Gross has advocated for the rights of the Roma, Domari, Kurdish, Yazidi and Rohingya minorities, and disabled people.

==Media criticism==
Much of his work has concerned the way the international media covers the Middle East. He has been cited on the subject in papers such as The New York Times and interviewed in Haaretz and on television about this. He has been critical of the BBC, arguing that their Middle East coverage is often slanted against Israel, and has subjected the coverage of Reuters, The Guardian and CNN and what he termed the "cult of Rachel Corrie” to scrutiny.

He has also been critical of The New York Times, both for their general foreign coverage, and historically for what he terms their "lamentable record of not covering the Holocaust."

==Israel-Palestine==
Gross has consistently supported the creation of an independent Palestinian Arab state alongside Israel. Gross, however, has stated that "to be viable and successful it is not only a question of what Israel will give the Palestinians, but of the Palestinians themselves engaging in good governance." He warned that "there is no point in creating a new Palestinian state if it will primarily be used as a launching ground for armed attacks on Israel, which would be likely to in turn only lead to a much bloodier war between Israelis and Palestinians than anything we have witnessed in the past."

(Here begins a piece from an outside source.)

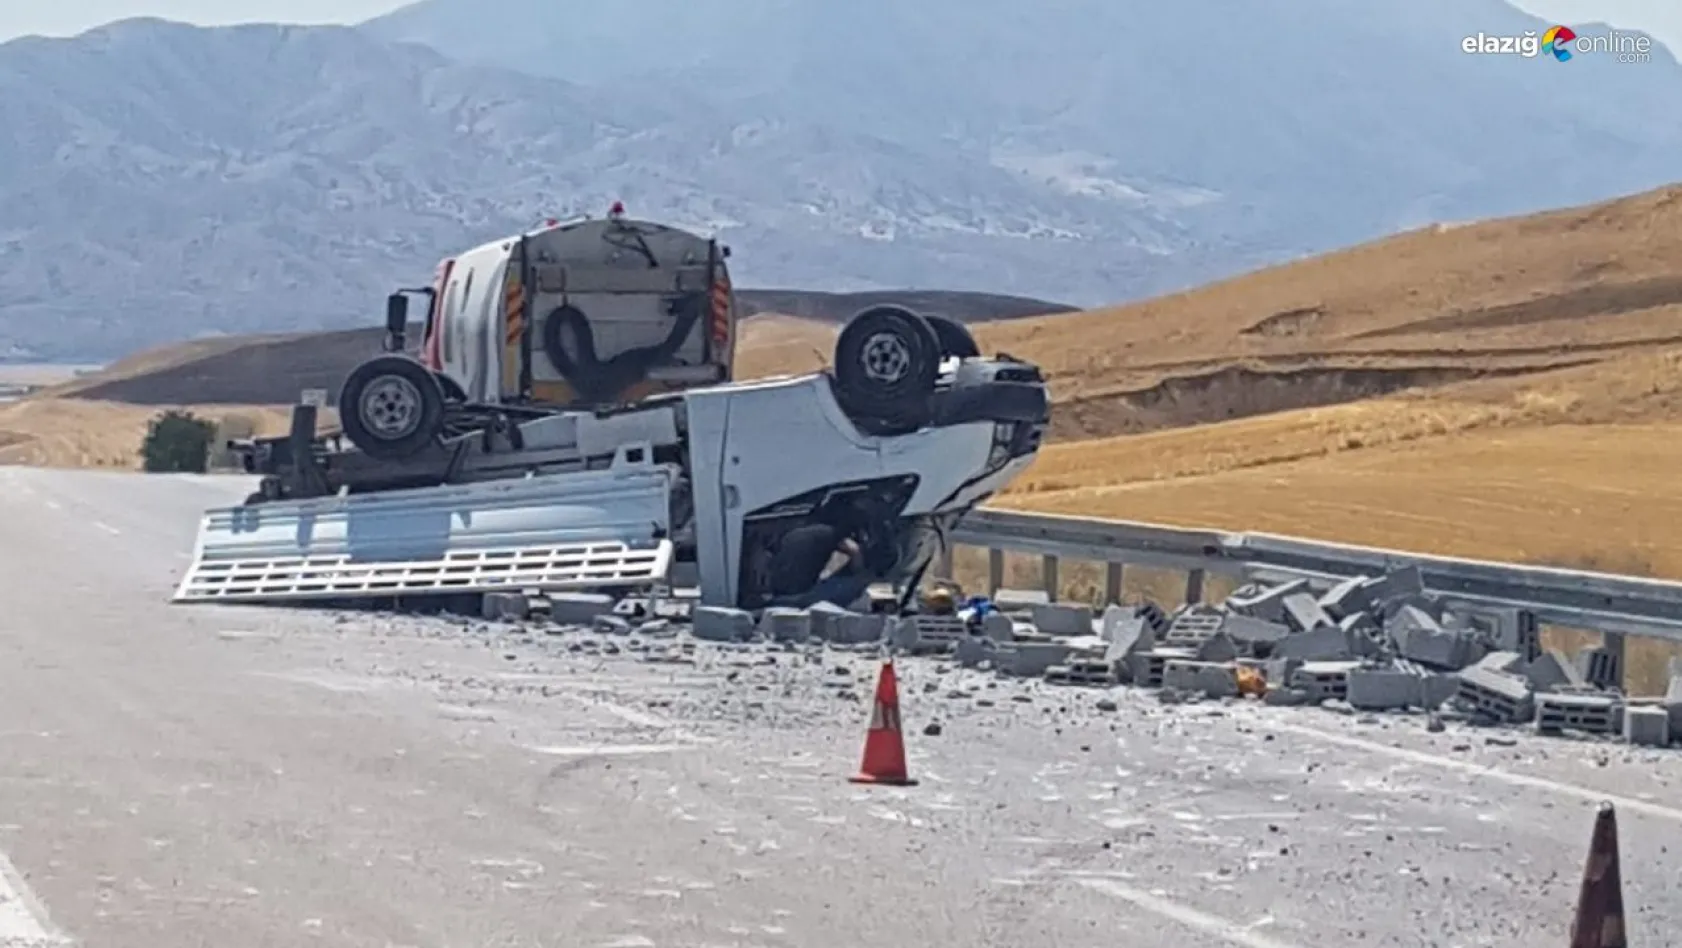 Elazığ-Bingöl karayolunda feci kaza! 1 ölü 2 yaralı

Gross has also written about the Jews of the Arab world, specifically about the forced removal of Jews from Arab countries.

==Prague==
Gross has also lived and worked in Prague, where he served as correspondent (covering the Czech Republic, Slovakia, and Albania) for the (London) Daily Telegraph and Sunday Telegraph. He helped launch the Czech edition of Elle magazine, the first international glossy magazine in post-communist central and eastern Europe. In addition, he wrote a regular op-ed column for The Prague Post and op-eds for the Czech daily Lidové Noviny. He has acted as a consultant to the Prague Jewish museum. In The Guardian Gross has been critical of the fact that Prague still has no central state-funded Holocaust memorial, unlike most other European capital cities from which Jews were deported.

==Work on Roma==
Tom Gross has also campaigned on behalf of the Romani people. "This is one of the most painful and disturbing problems in Europe today, though it is often neglected or misreported by the mainstream media", he wrote.

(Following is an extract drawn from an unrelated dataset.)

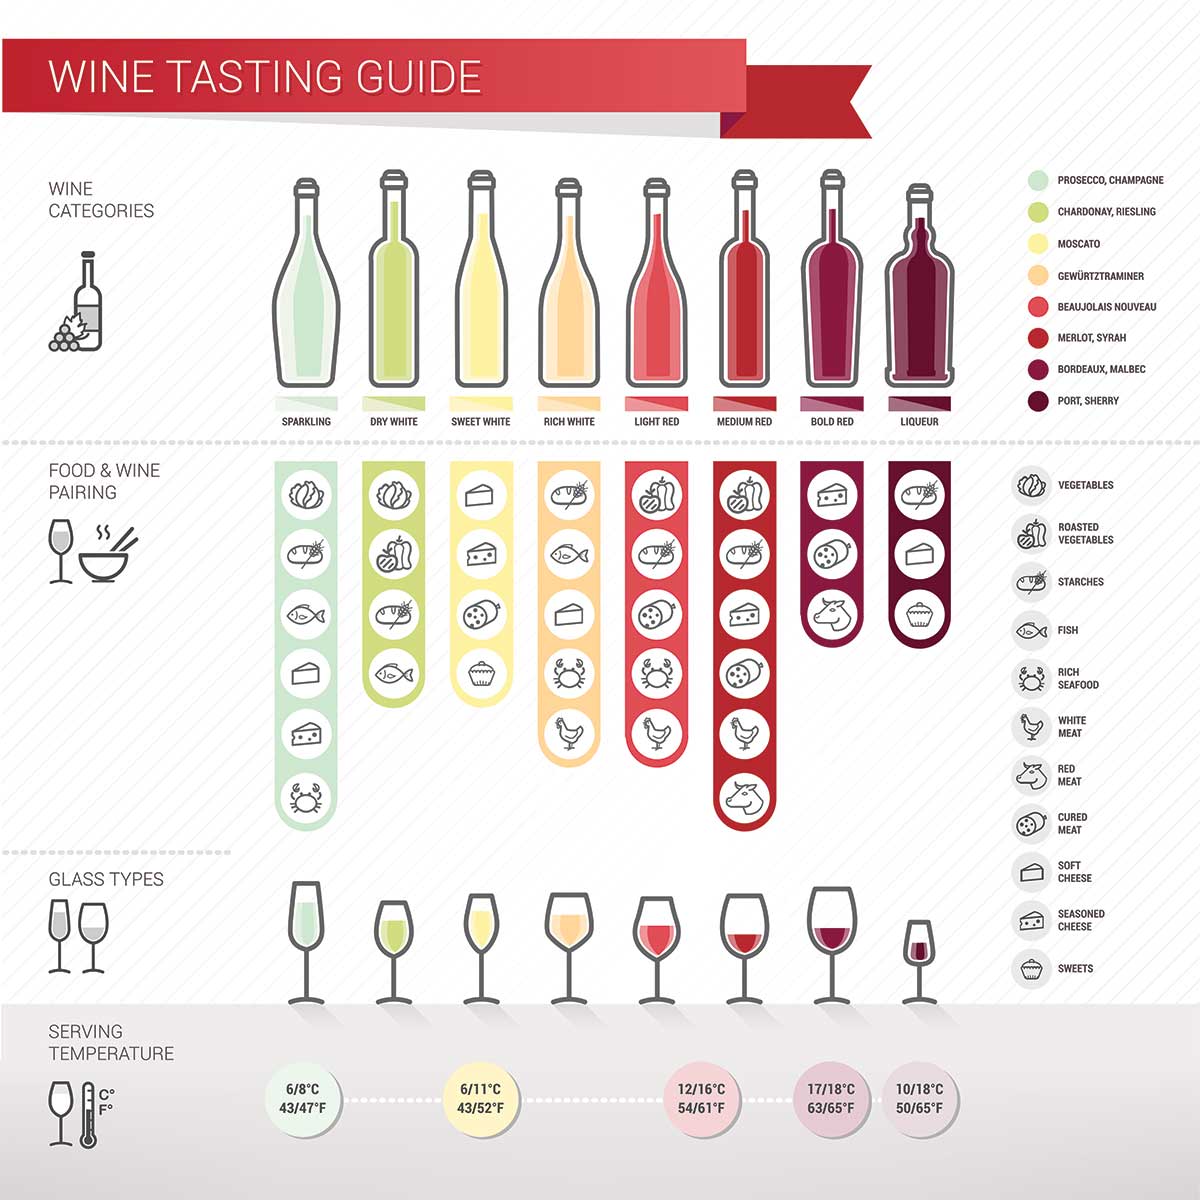 https://www.winetasting.com/wp-content/uploads/2017/04/wine-tasting-guide-1200px.jpg

For two years, based in Prague, he served as a special advisor to the United Nations High Commissioner for Refugees (UNHCR) on the plight of Czech Roma, mainly relating to citizenship issues arising as a result of the breakup of Czechoslovakia. He criticized the internationally renowned liberal icon and playwright Václav Havel, in columns in The Spectator and The Prague Post, for not doing enough to help Roma while he served as Czech president.

==Television and radio==
Tom Gross has worked on a number of television programs and documentary films, including BBC TV specials on Czech Roma, and on Sudeten Germans. On the Middle East, he has appeared as a commentator on BBC World news, CNN, Fox News, and NPR. He has been interviewed on international politics on Sky News Arabia, i24 News, Russia Today, TRT World Turkey, Israel Channel 13 and BBC Arabic.

==Books==
Gross is co-author of Out of Tune: David Helfgott and the Myth of Shine (Warner Books, New York, 1998) and of The Time Out Guide to Prague (Penguin Books, London, 1995). Out of Tune was named the most important biography of a troubled genius by The Huffington Post in April 2011.

==Public service==
Gross is a voluntary director of the Raif Badawi Foundation named after the imprisoned Saudi liberal dissident, and a member of the International Advisory Board of NGO Monitor, of Mideast Dig and of Keren Malki, a charity helping special needs children in Israel. He is a founding signatory to The Henry Jackson Society's Statement of Principles in London.